• _Your task_: Word for word, please restate the line that contains "PORTLAND, OREGON USA" and all lines after it through the end of the material, minus the pictures.

• _Source material_:
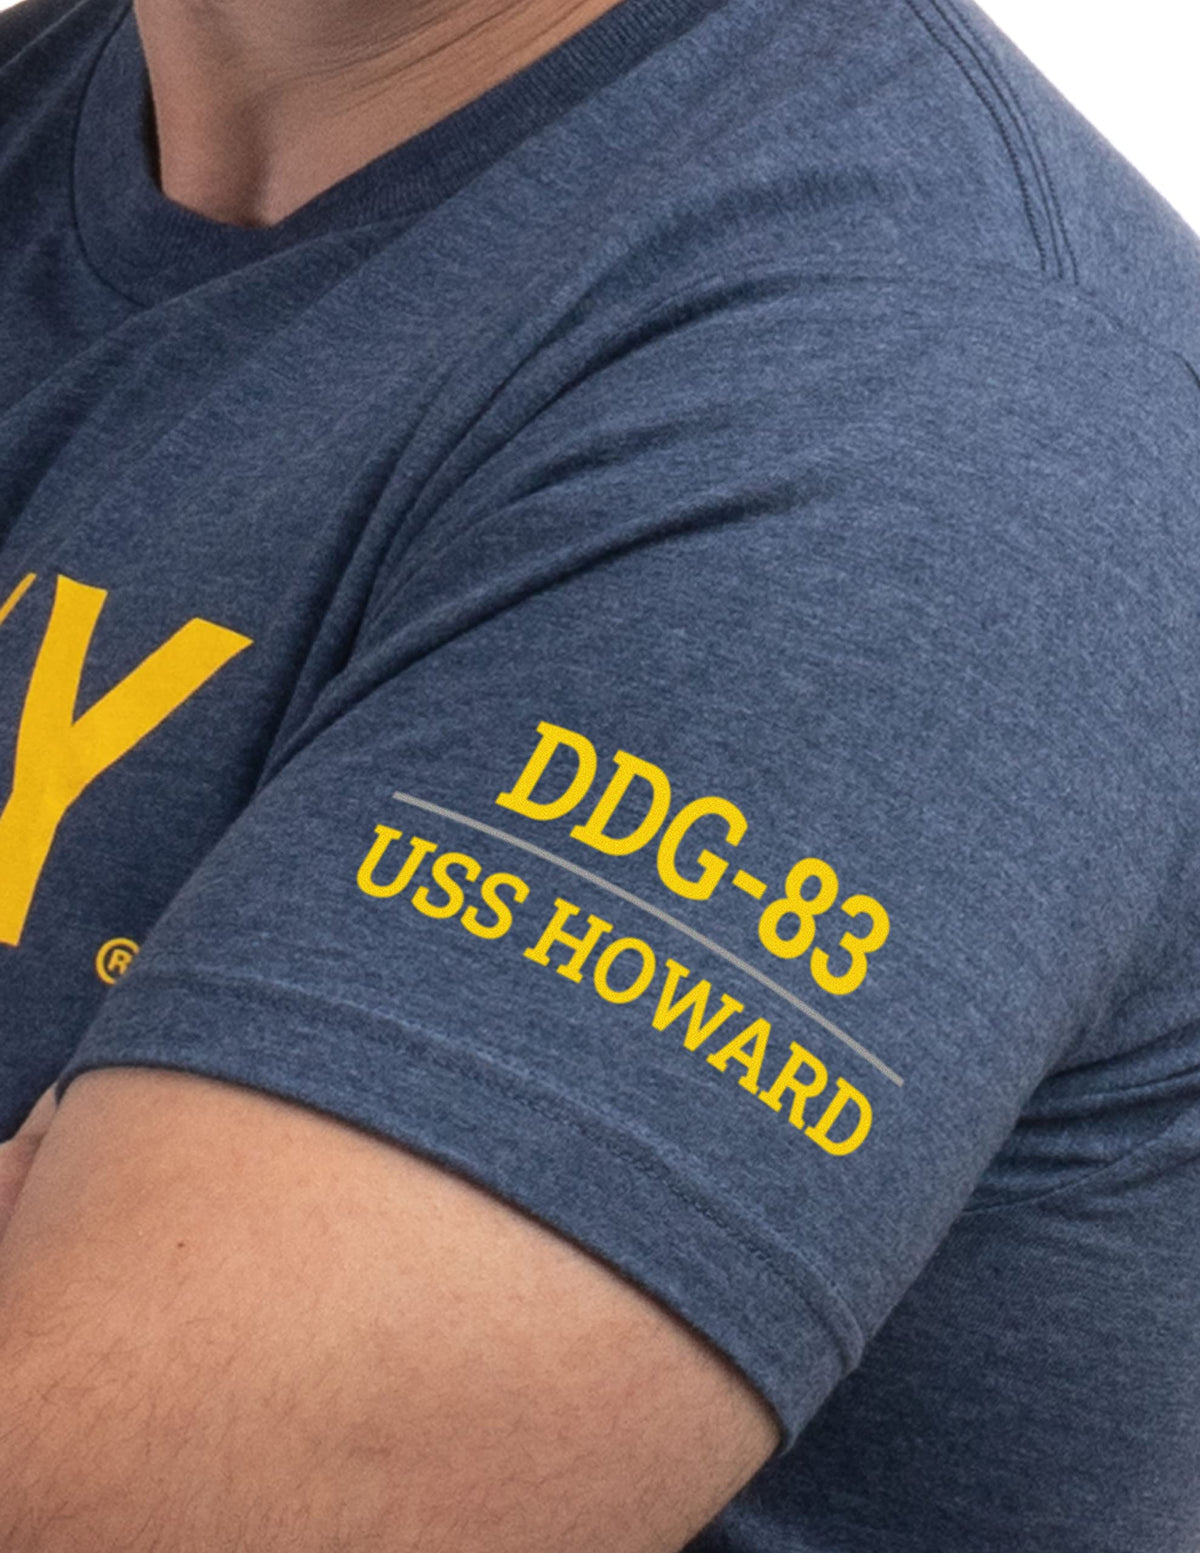 USS Howard, DDG-83 | U.S. Navy Sailor Veteran USN United States Naval T-shirt for Men Women
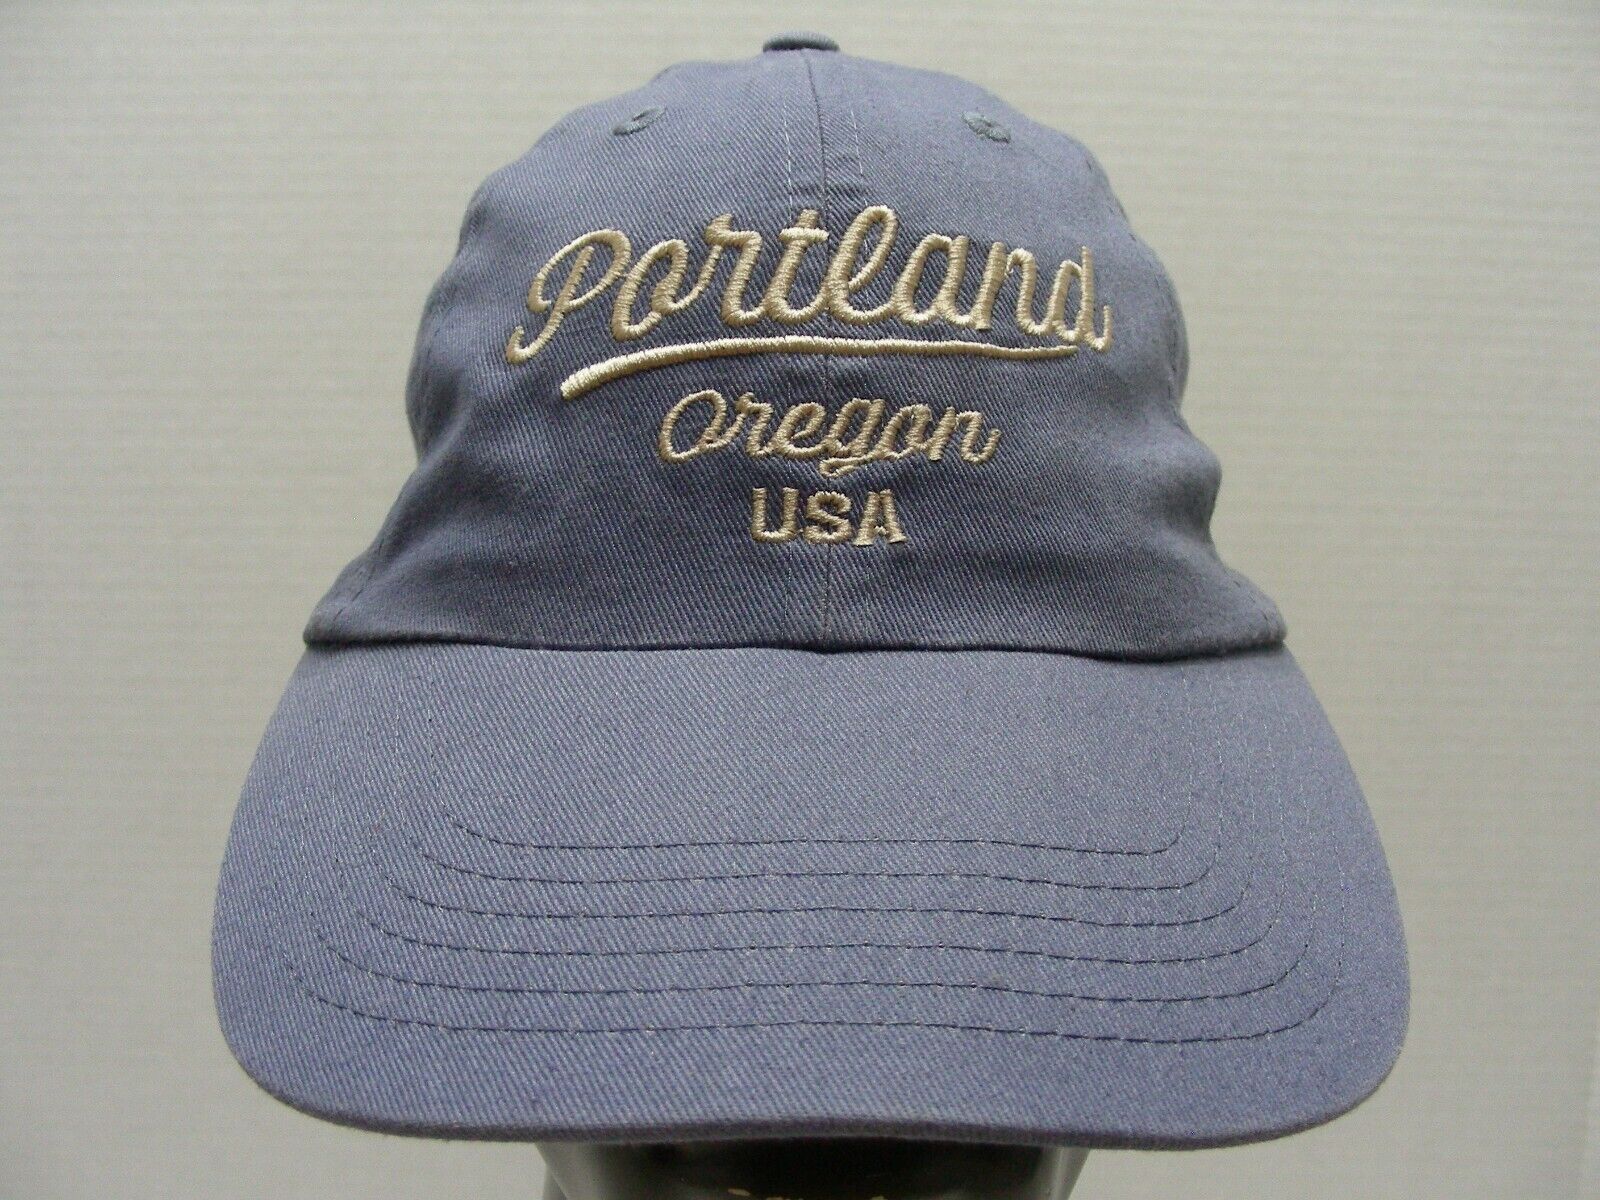 PORTLAND, OREGON USA - Youth or Adult S/M Size Adjustable Baseball Cap Hat
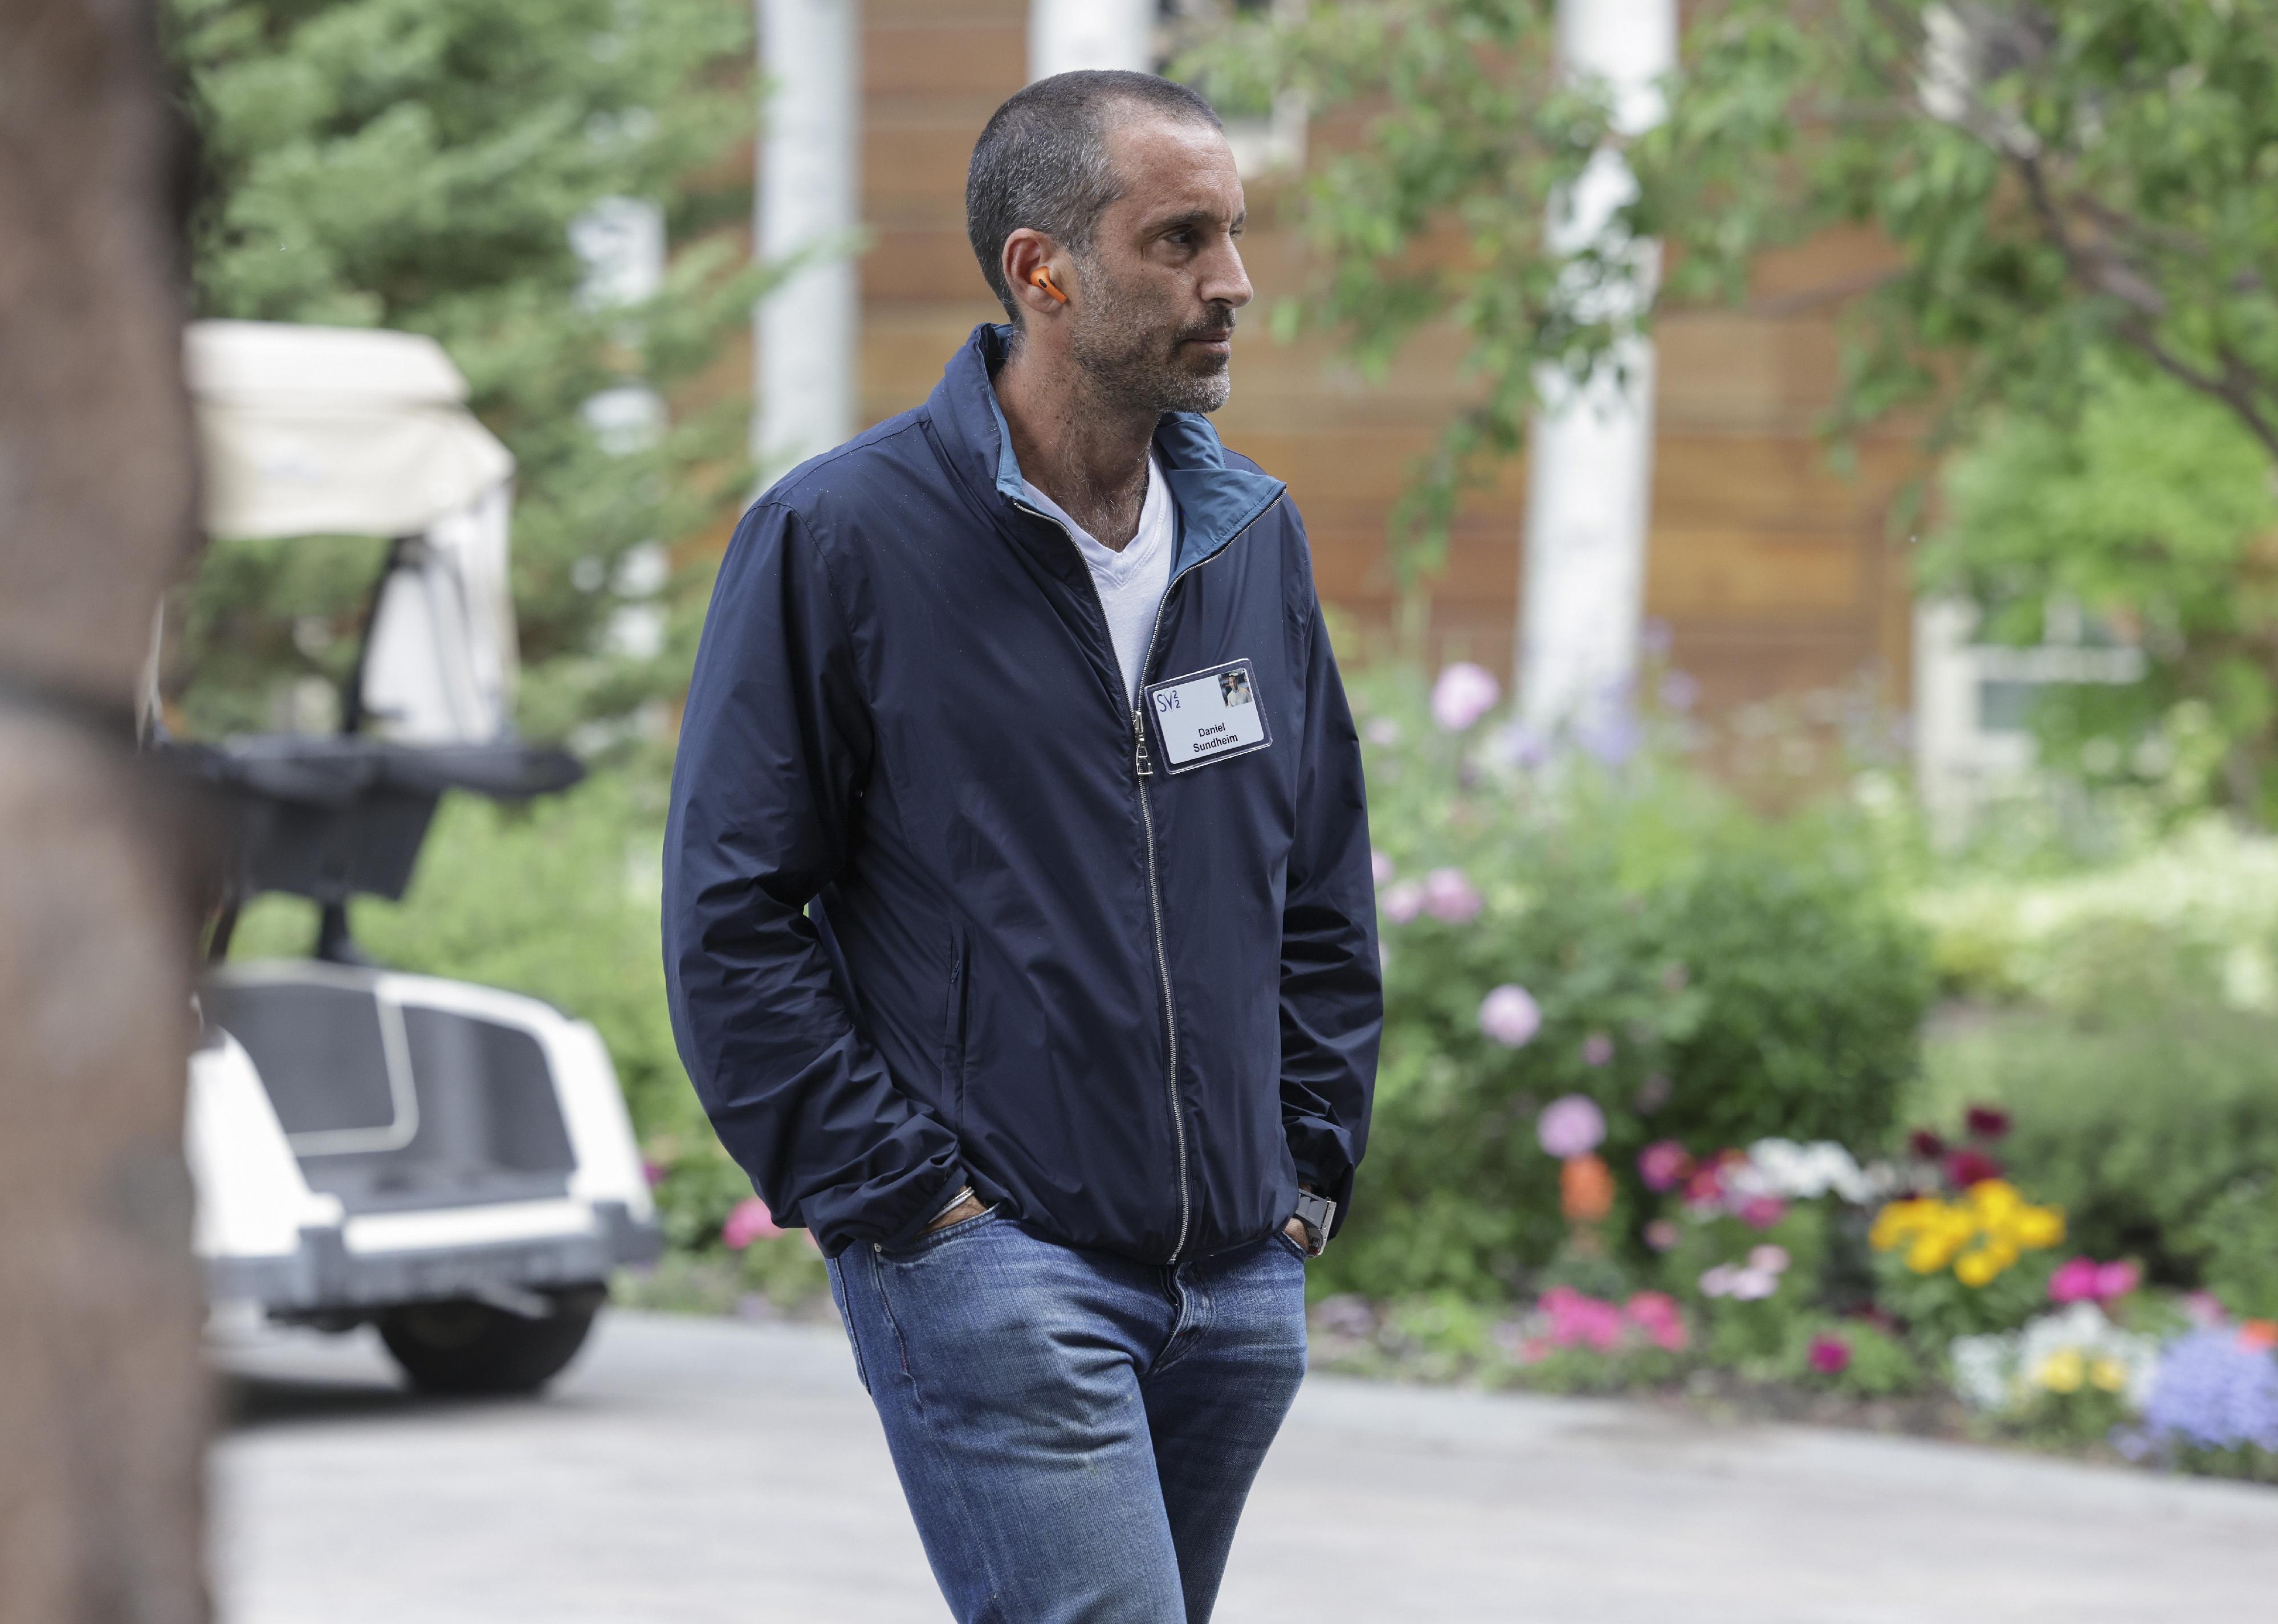 Daniel Sundheim walking outside in a blue jacket and jeans.

• _Written answer_:
 PORTLAND, OREGON USA - Youth or Adult S/M Size Adjustable Baseball Cap Hat
 Daniel Sundheim walking outside in a blue jacket and jeans.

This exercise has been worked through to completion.